**ASSIGNMENT**: With pictures excluded, copy word for word the lines in the data below from the line containing "Branding – China City Image Consulting" through the line containing "SQUARE 16 - Lounge".

**PROVIDED DATA**:
____

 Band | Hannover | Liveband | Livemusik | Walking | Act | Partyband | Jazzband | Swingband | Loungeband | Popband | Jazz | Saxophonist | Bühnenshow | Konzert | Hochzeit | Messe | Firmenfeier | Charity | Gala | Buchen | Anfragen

____

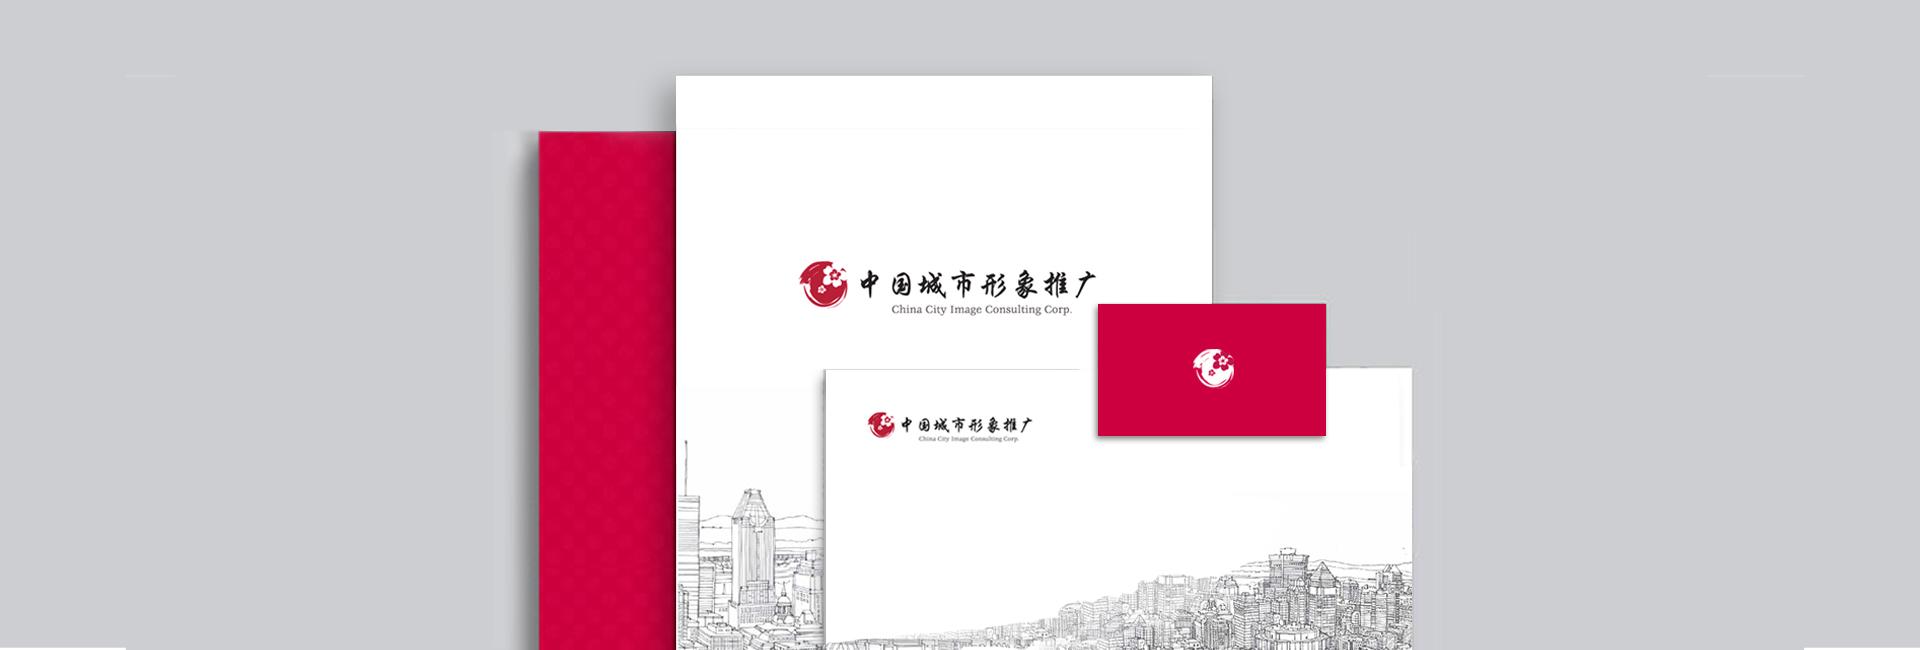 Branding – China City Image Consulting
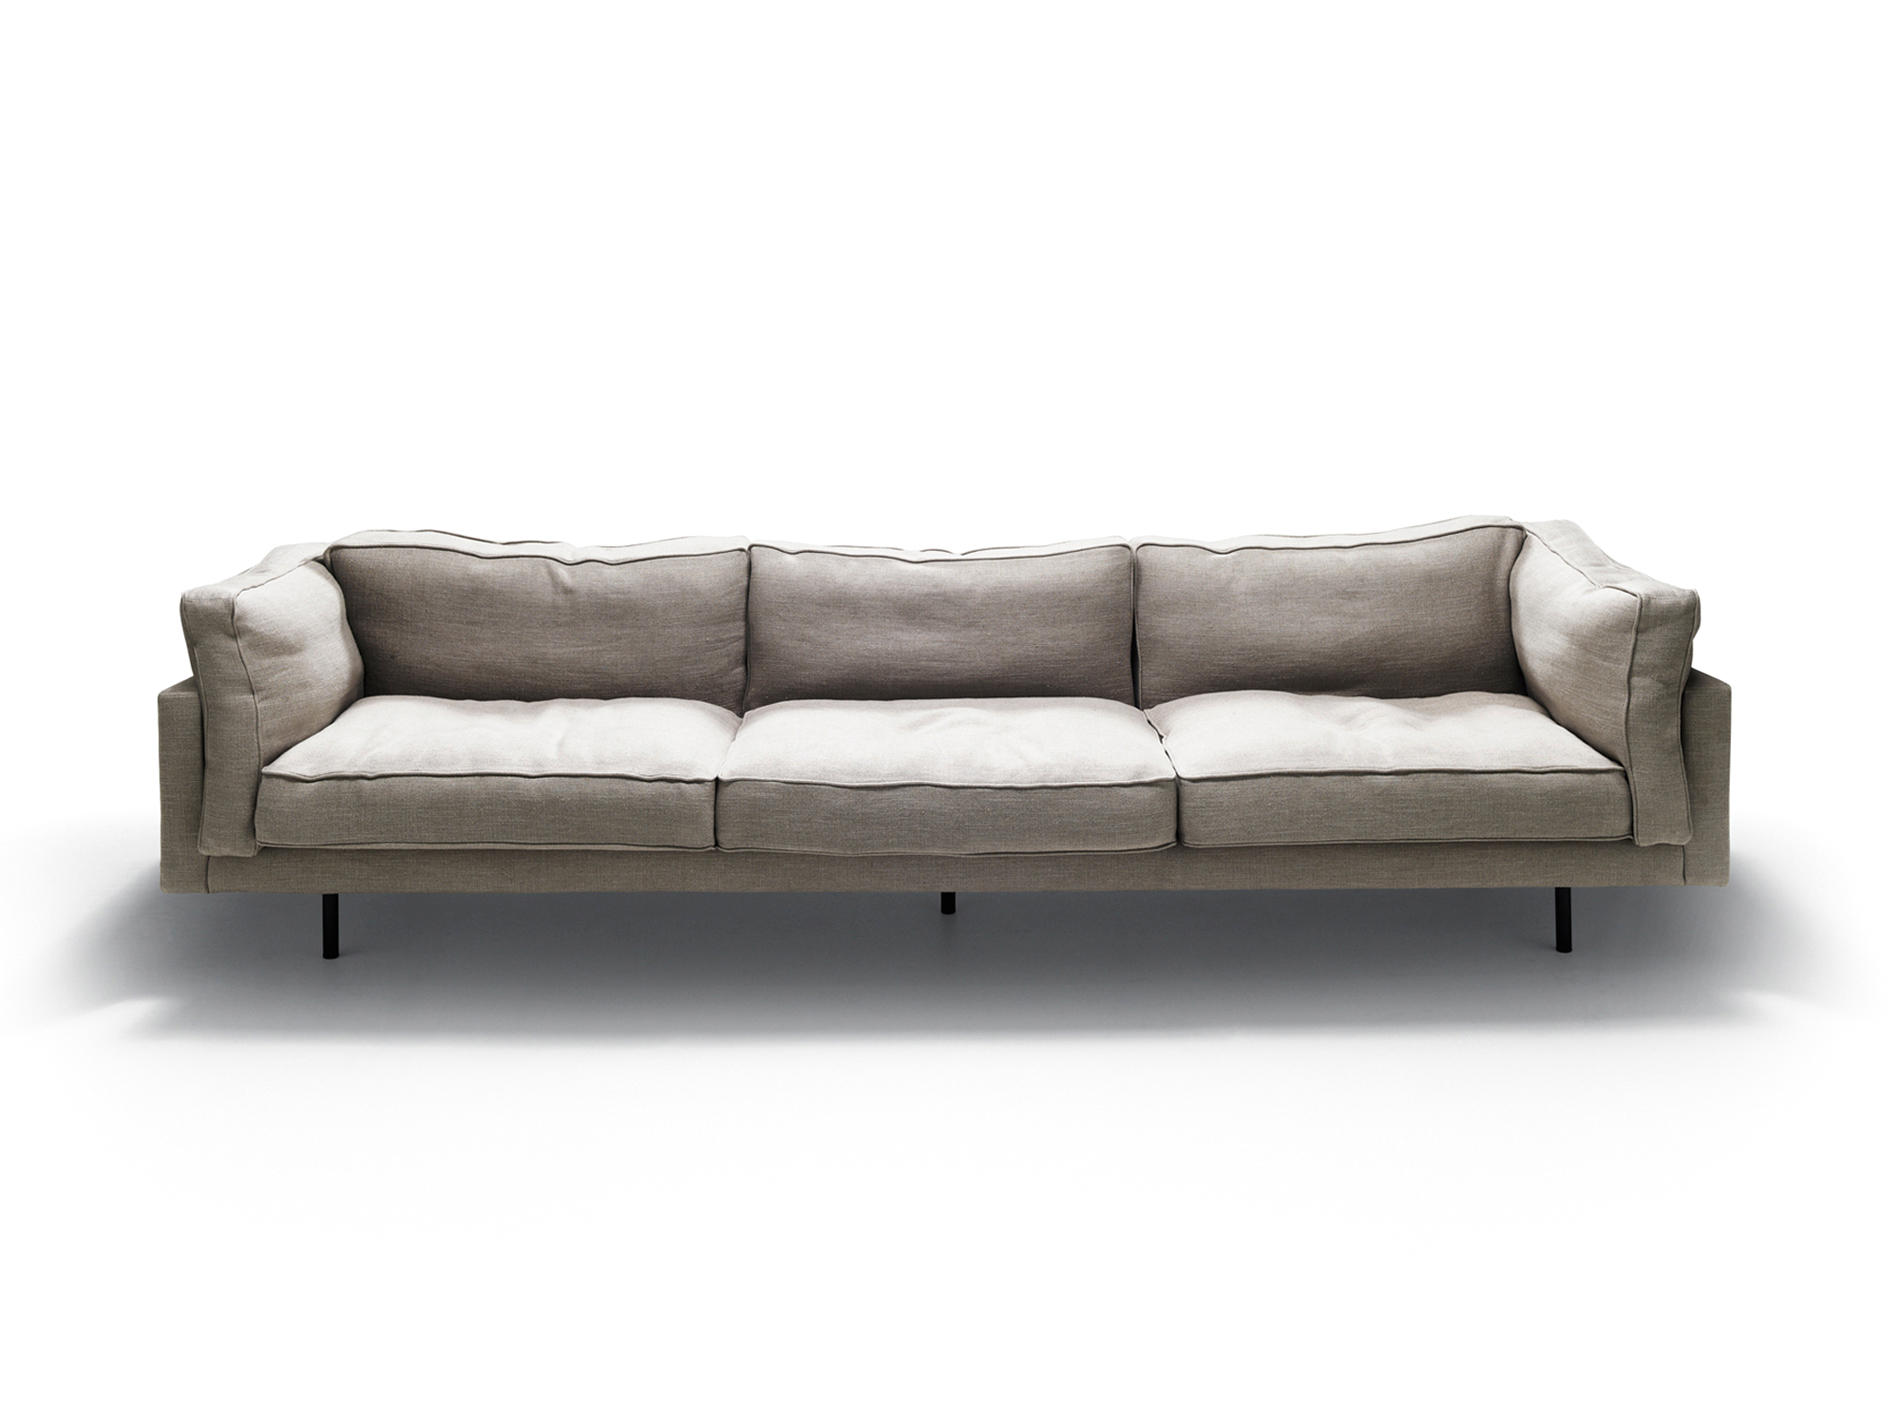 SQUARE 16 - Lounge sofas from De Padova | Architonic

____

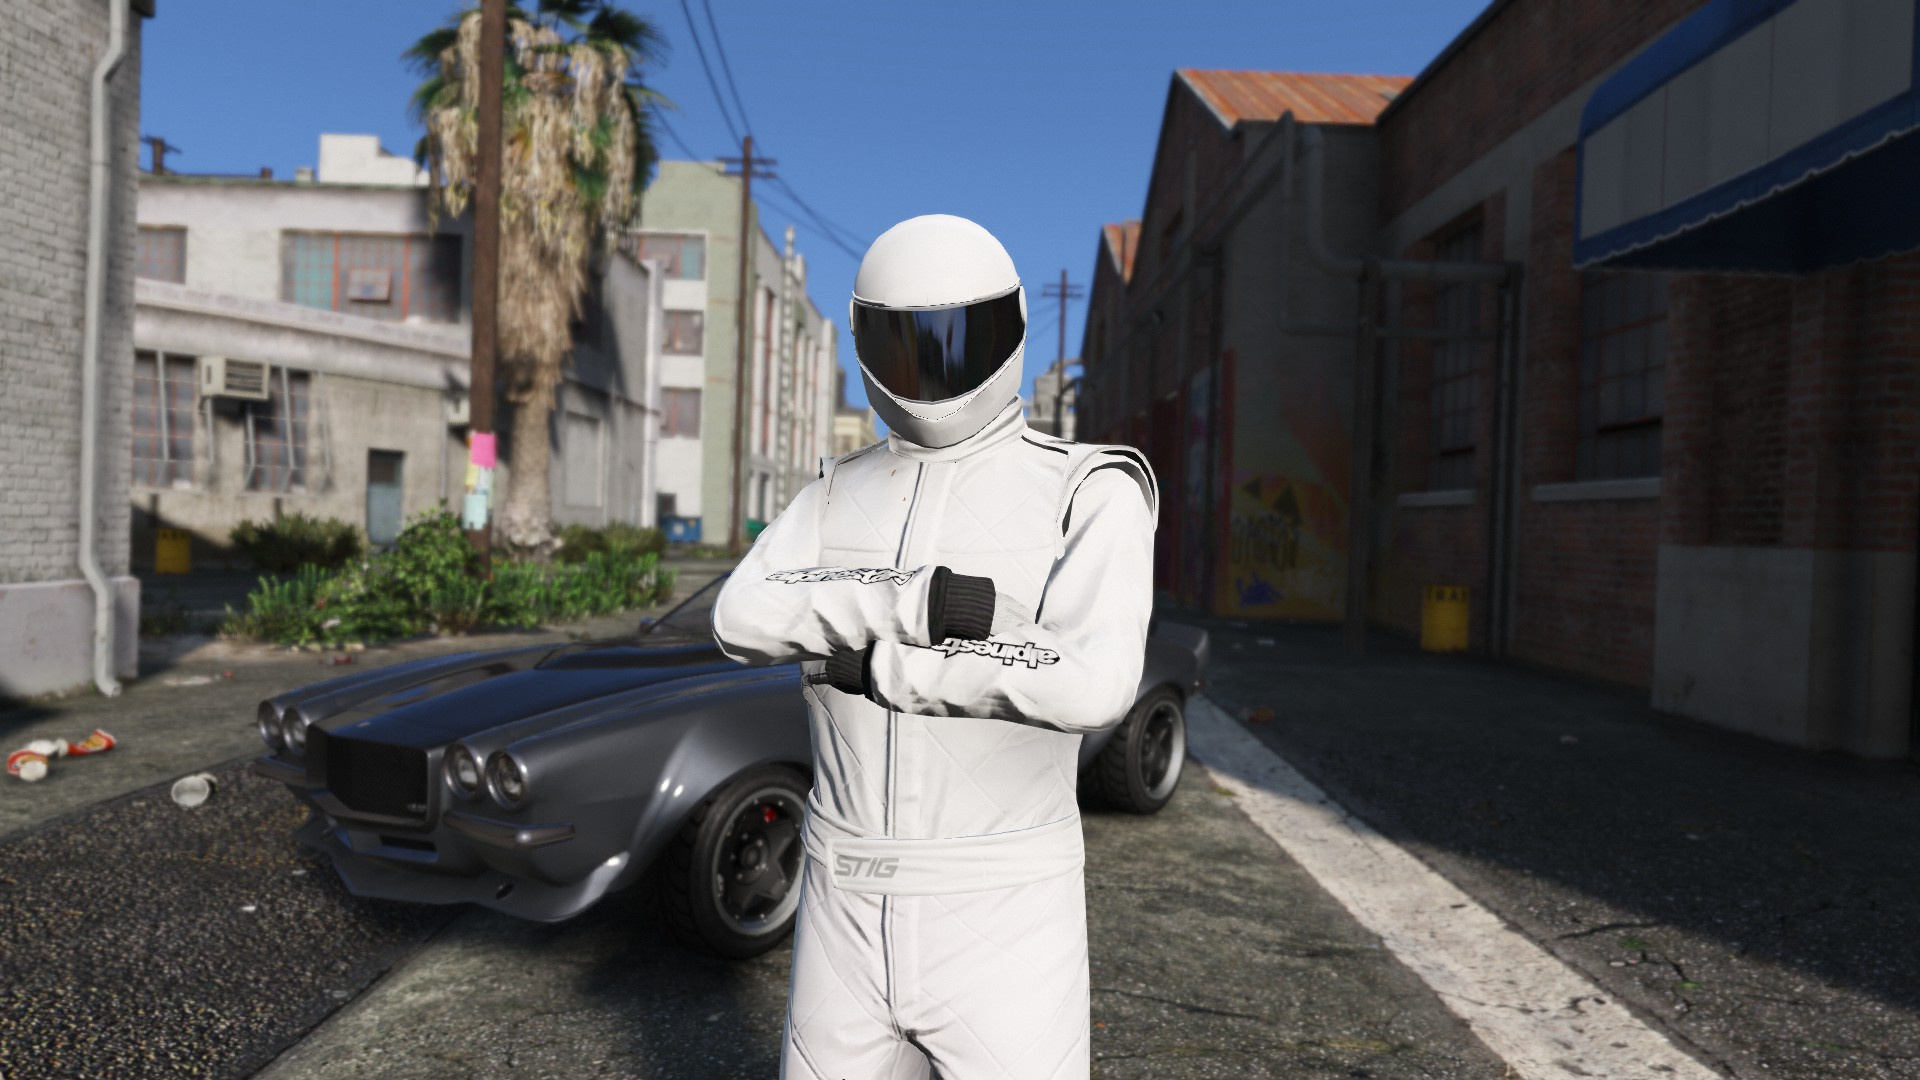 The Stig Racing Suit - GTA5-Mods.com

____

**ANSWER TO THE EXERCISE**:
 Branding – China City Image Consulting
 SQUARE 16 - Lounge sofas from De Padova | Architonic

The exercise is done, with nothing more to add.